Future research in evolution education more broadly may use the causal mapping technique as an assessment tool to assess the variation in individual student understanding, to identify prevailing misconceptions including teleological reasoning and other common misconceptions in evolution education, and to develop further instructional techniques to help overcome them.

6 Conclusions

In this paper, we aimed to draw attention to the educational opportunities provided by an explicit consideration of behavior as a causal factor in the evolution of certain traits. This role of behavioral variation in affecting evolutionary trajectories has been the subject of much discussion throughout the history of evolutionary thought and has attracted new attention in recent decades. Particularly in the realm of human evolution, many traits of concern are linked to behaviors whose emergence cannot be understood by referring to chance genetic mutations alone, such as upright walking, toolmaking, and many other behavioral and cultural traits. We argued that some concerns for teleological reasoning in student explanations may stem from the lack of opportunity given to students to explicitly link behaviors and other proximate mechanisms to the emergence of traits in populations through natural selection. After all, teleological language seems to stem from our everyday experience—as biological organisms—of needs and behavioral responses to needs. We argued that those behavioral responses to perceived needs, or goal-directed behaviors, are important elements in the causal chain leading to the natural selection of morphological traits or genetic dispositions that favor or enable the adaptive behavioral responses to such needs.

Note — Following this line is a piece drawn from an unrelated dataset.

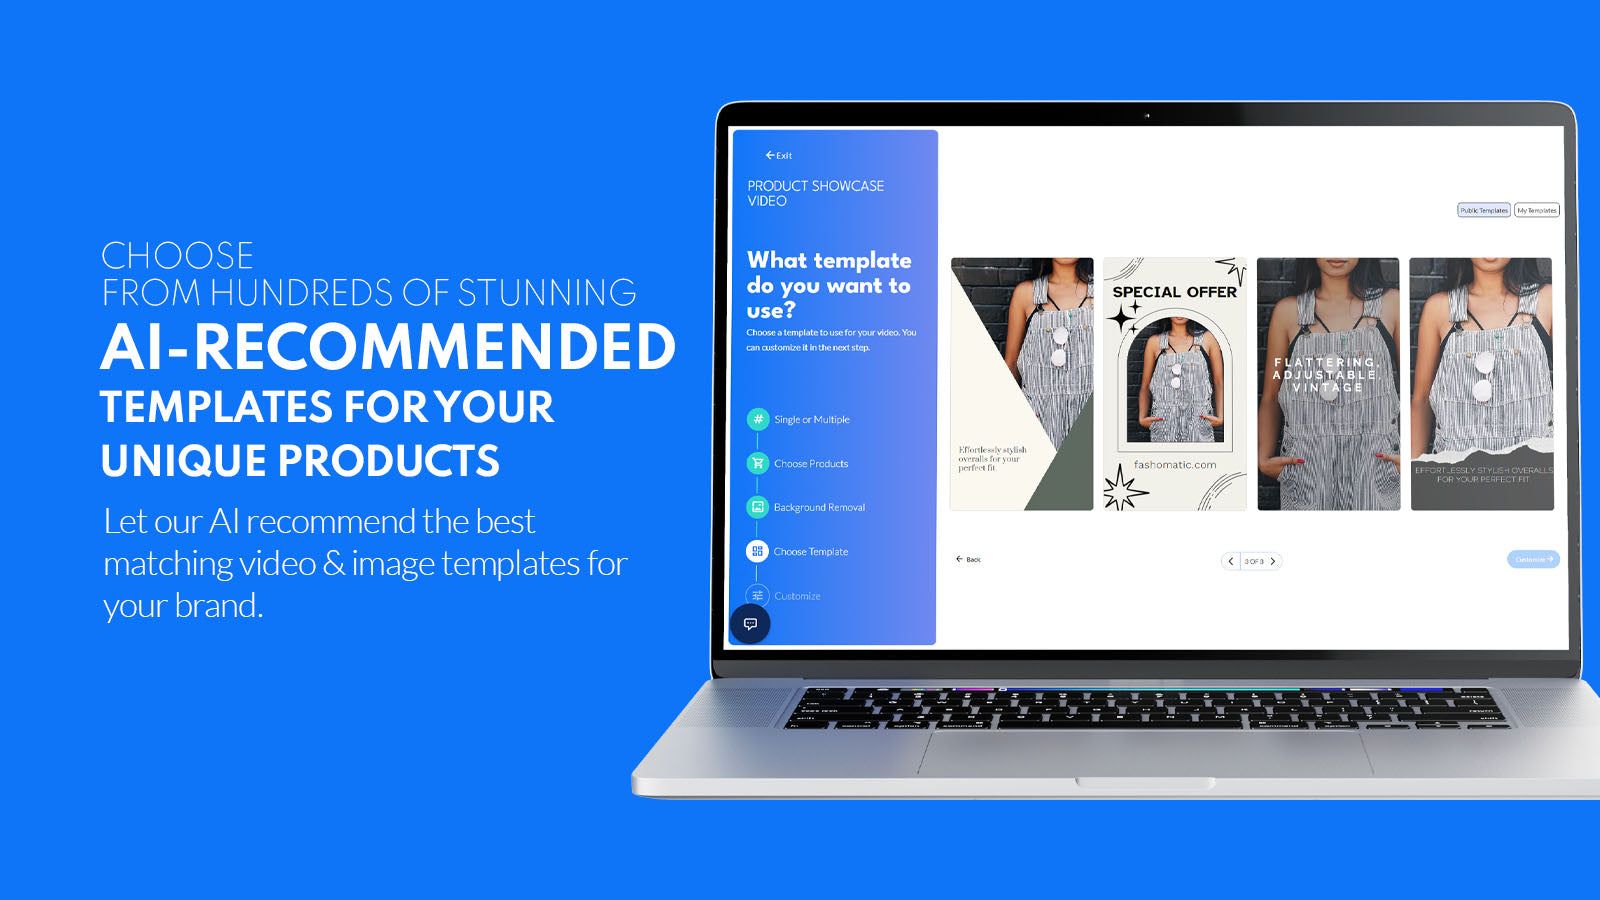 Hundreds of stunning AI-recommended templates for your products

We presented a causal mapping teaching tool that has the potential to elicit and expand student understanding about the role of behaviors, body and brain features, and genes as well as the mechanisms of variation and natural selection in the evolution of traits. Such causal mapping may also provide the opportunity to teach about various concepts in evolutionary biology as well as other topics in the biology curriculum in an integrated fashion, and has the potential to cultivate a more decentralized mindset about the emergence of phenotypes and adaptations in development and evolution. Future research within our DBIR project aims to delineate further guidance to educators regarding the flexible implementation of the teaching tool and opportunities for student assessment across a variety of evolution education contexts.